Contributor's comments: This word is used to interchangably with 'Bevan' (Qld) represent a person that is in someway derelict or rough around the edges: "Look at those Bogons over there."

Contributor's comments: Similar to bevan: "That's where the bogans hang out."

Contributor's comments: A Bogan is someone who, wares Fubo, Dada and Wutan, commonly called Fubu-Claners. Its not just flannelette shirts that make people Bogans.

Contributor's comments: Growing up in Ballarat in the 70's and 80's, this word was very commonly used. The word 'skozza' was also used interchangeably. A mate of mine incurred huge social stigma by deliberately cultivating a mullett, buying the uniform (flannie, faberge jeans and suede 'rollers' as footwear. He was trying to deliberately BECOME a bogan, instead of growing up one...

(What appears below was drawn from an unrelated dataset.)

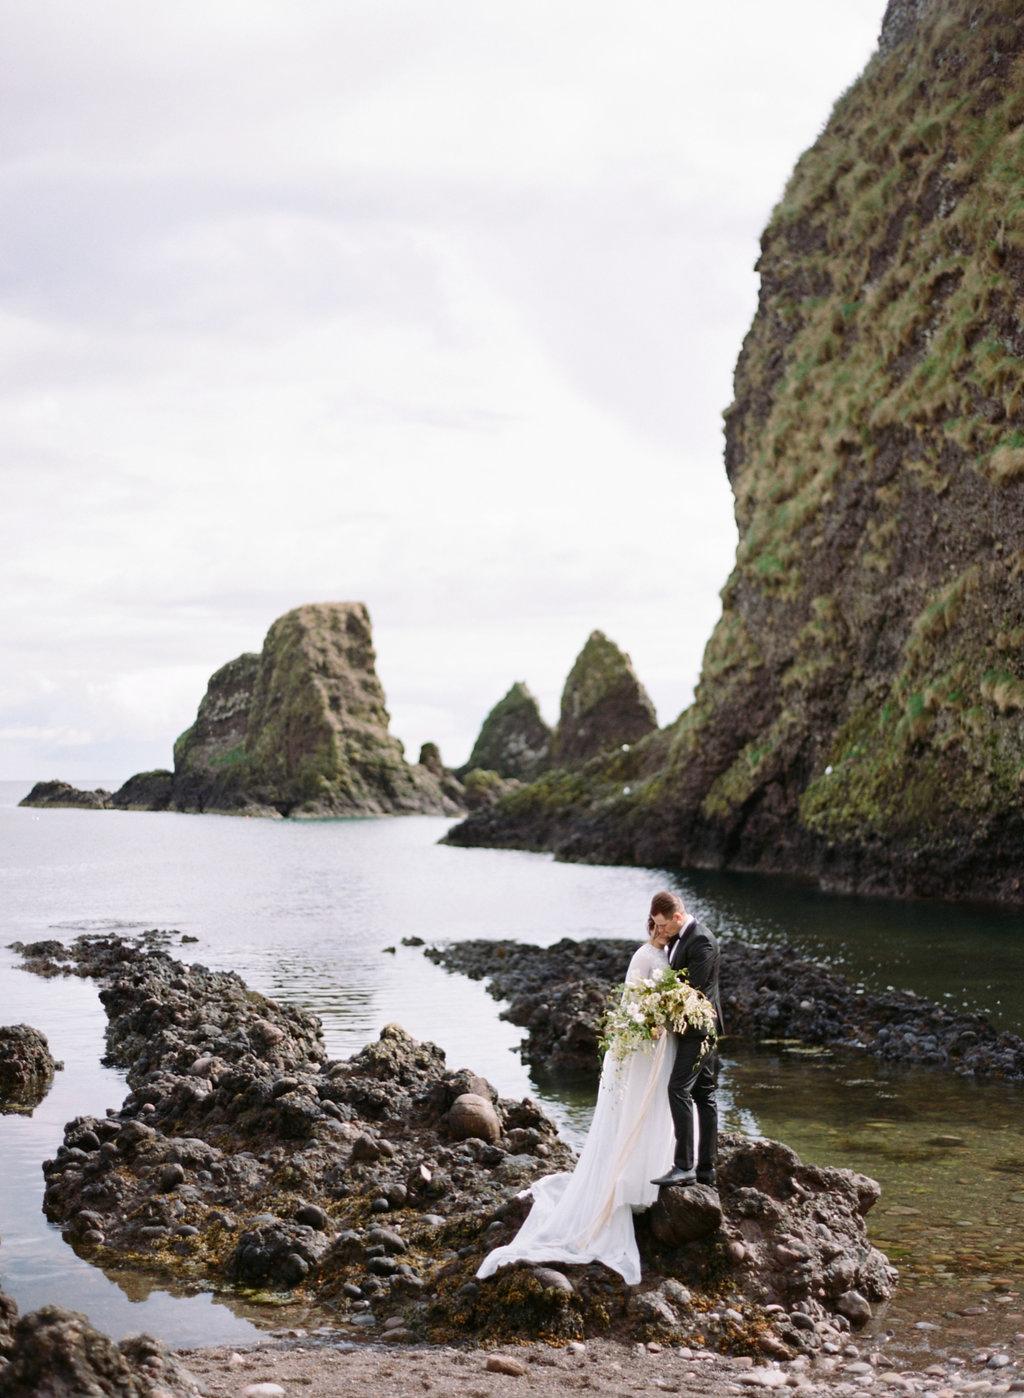 Scotland-Prewedding-highlands-castle-Engagment-Photos-Katie-Grant (139 of 139).jpg

Contributor's comments: We used Bogan extensively in Sorrigo, northern NSW, to describe dags in similar fashion to 'westie' in Sydney. I suspect an earlier comment about the Comedy Company's influence may be right - my memory of the term is as a teenager in the 1980s.

Contributor's comments: A real Melbourne term, I remember having to explain it to a housemate new from Sydney. It seemed to emerge in the 80s and was initially used by people who'd gone to private schools to refer to people who hadn't. The word has broadened now to refer to uncouth, uncultured "awful Australian" types - moccas, mullets, cheap hairstreaks, acidwash jeans (80s) or muffin-tops, "youse"-sayers.

Contributor's comments: Having lived in Sydney, Canberra, regional NSW and now Brisbane, I can confirm that many younger people in Brisbane have never heard of the word Bogan. In Canberra, Bogan and Booner was used. Booner being the more derogative of the two. My family in Sydney refer to Bogan as the term Westies use to describe other Westies. Bevan seems to be more popular in Brisbane but there isn't a specific term for a bogan.